(Records provided)

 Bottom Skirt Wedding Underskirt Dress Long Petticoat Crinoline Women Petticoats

(End Records provided)
(Records provided)

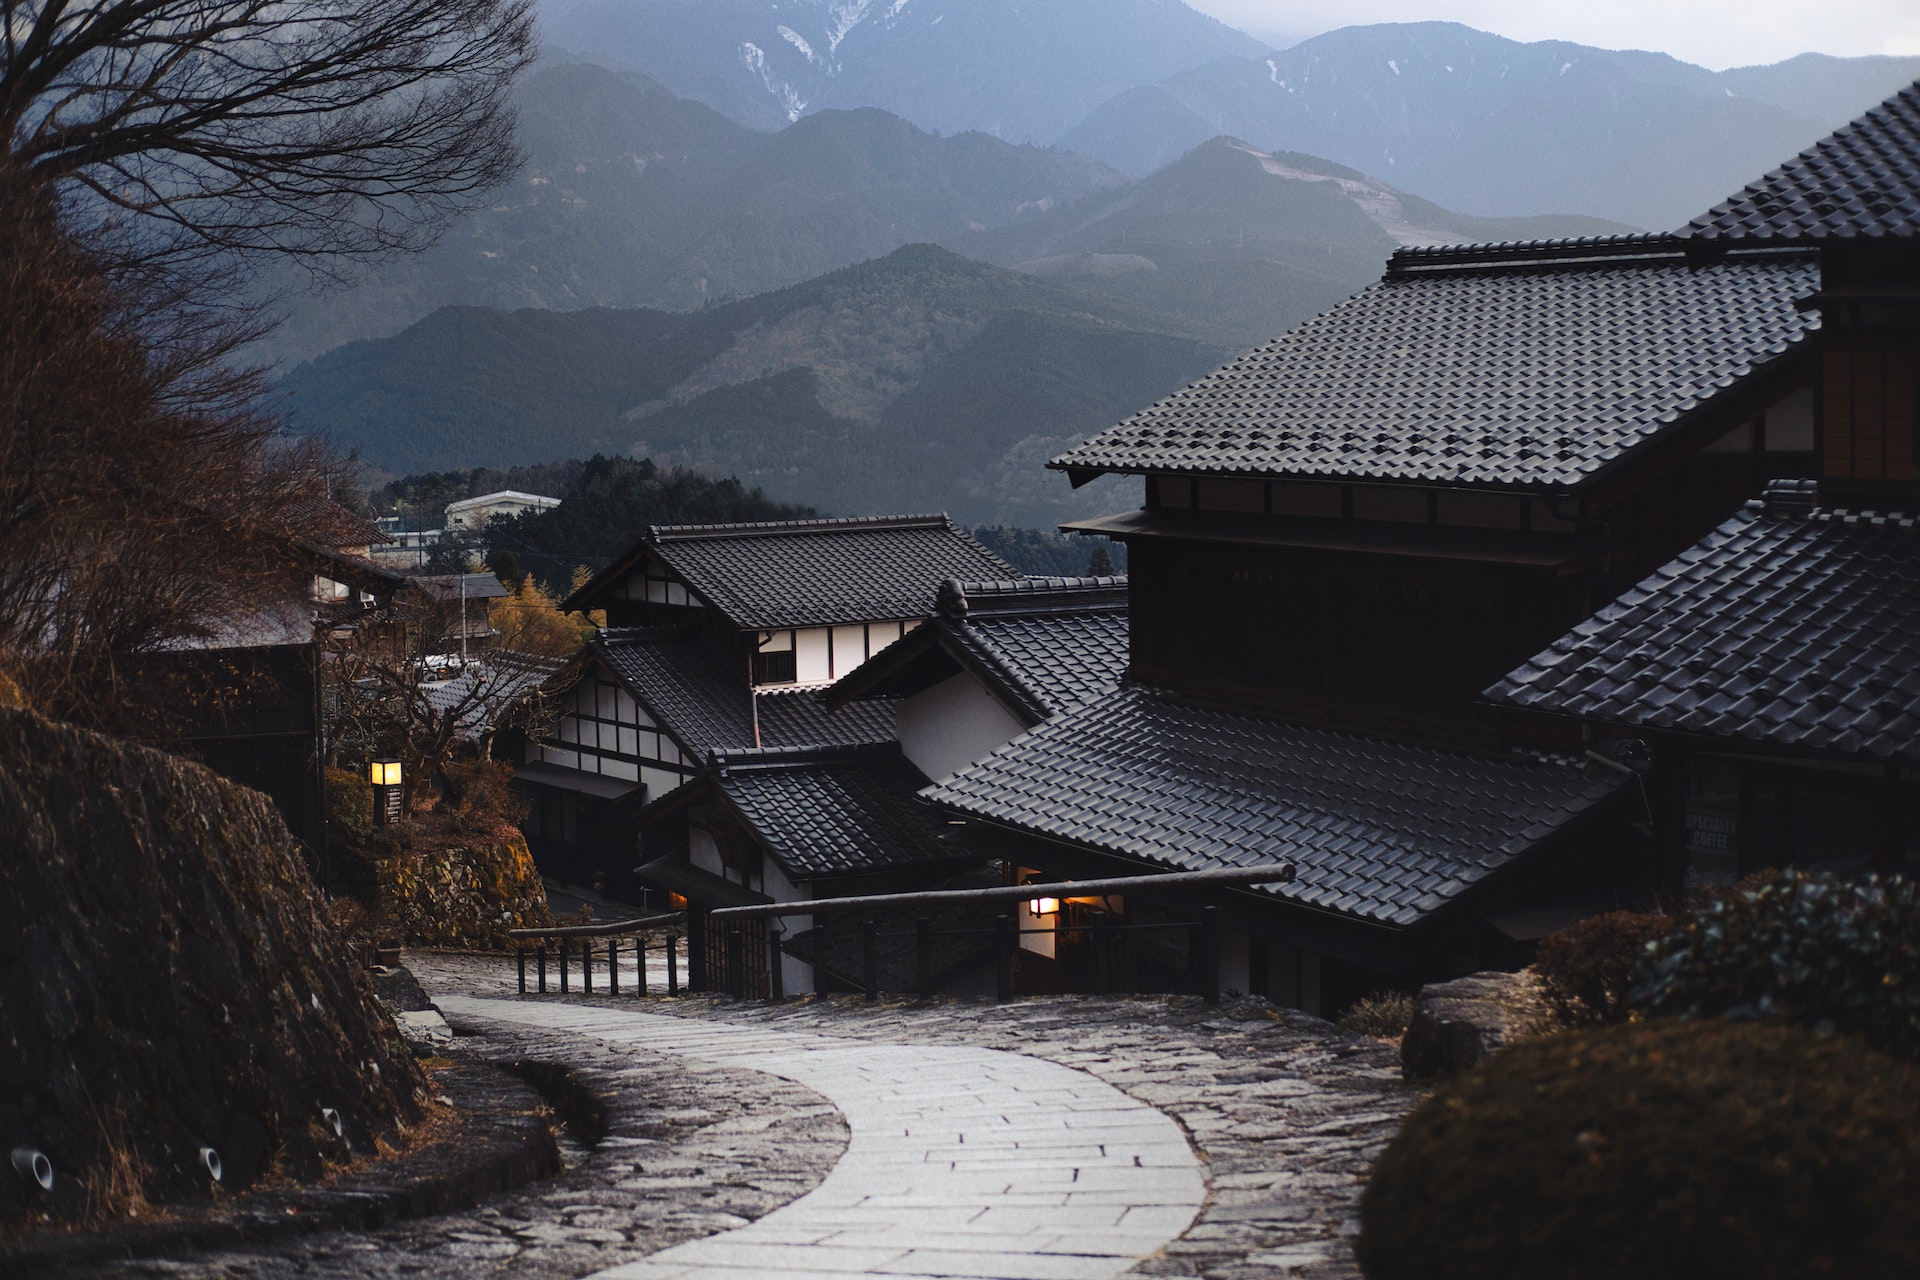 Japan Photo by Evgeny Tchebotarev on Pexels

(End Records provided)
(Records provided)

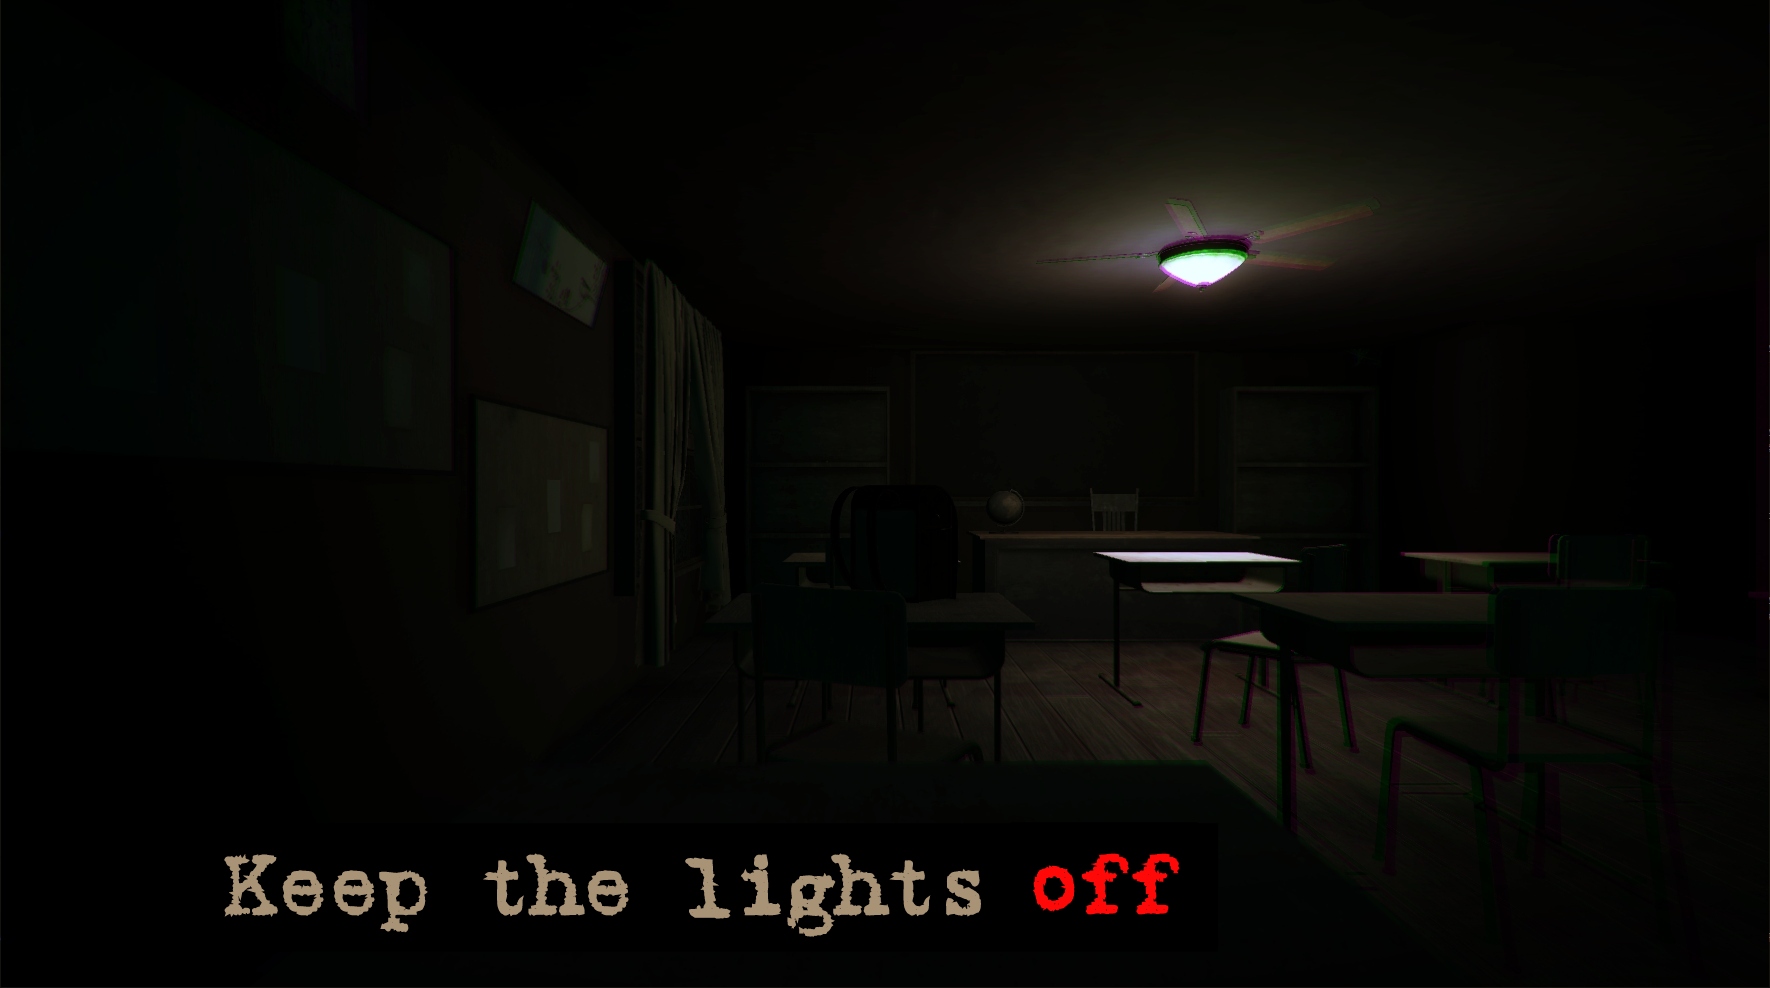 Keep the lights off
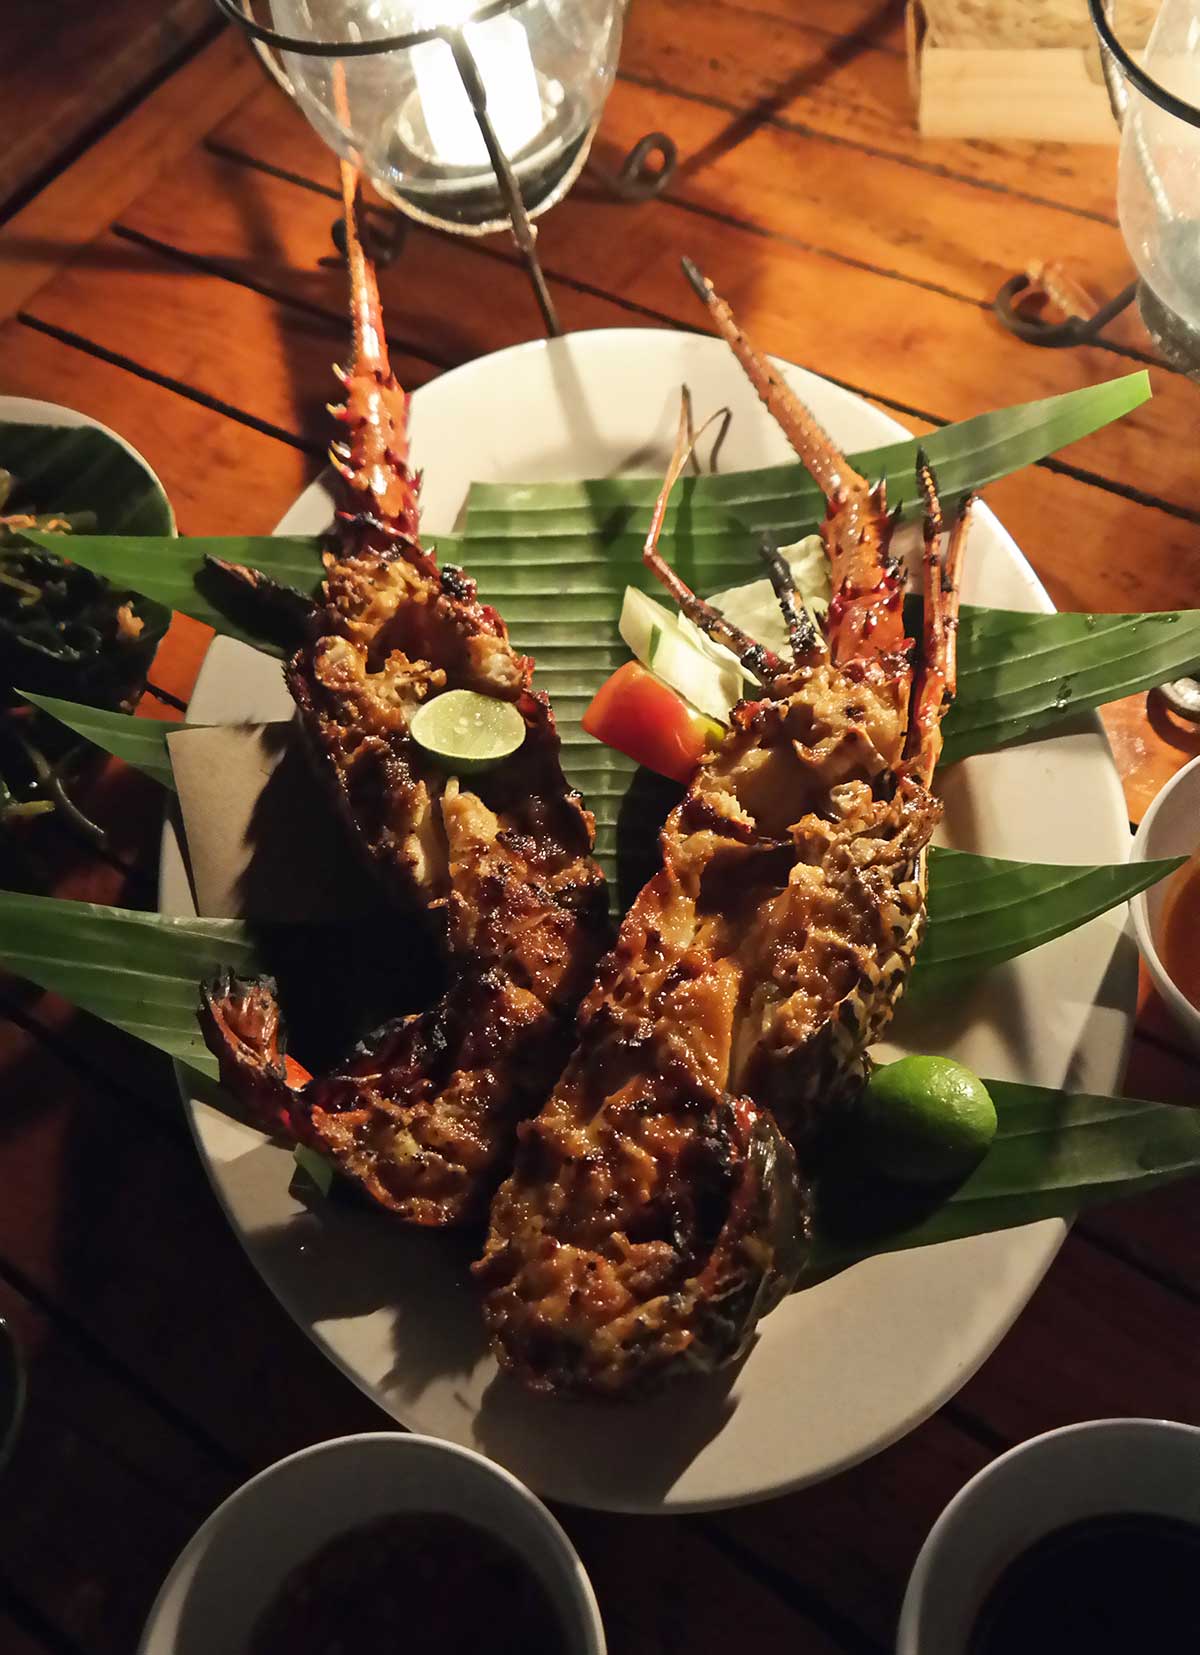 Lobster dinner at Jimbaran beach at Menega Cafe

(End Records provided)

**Exercise goal**:
Reproduce the data above exactly, but only from the line containing "Keep the lights off" through the line containing "Lobster dinner at"; skip the pictures.

**Exercise output**:
 Keep the lights off
 Lobster dinner at Jimbaran beach at Menega Cafe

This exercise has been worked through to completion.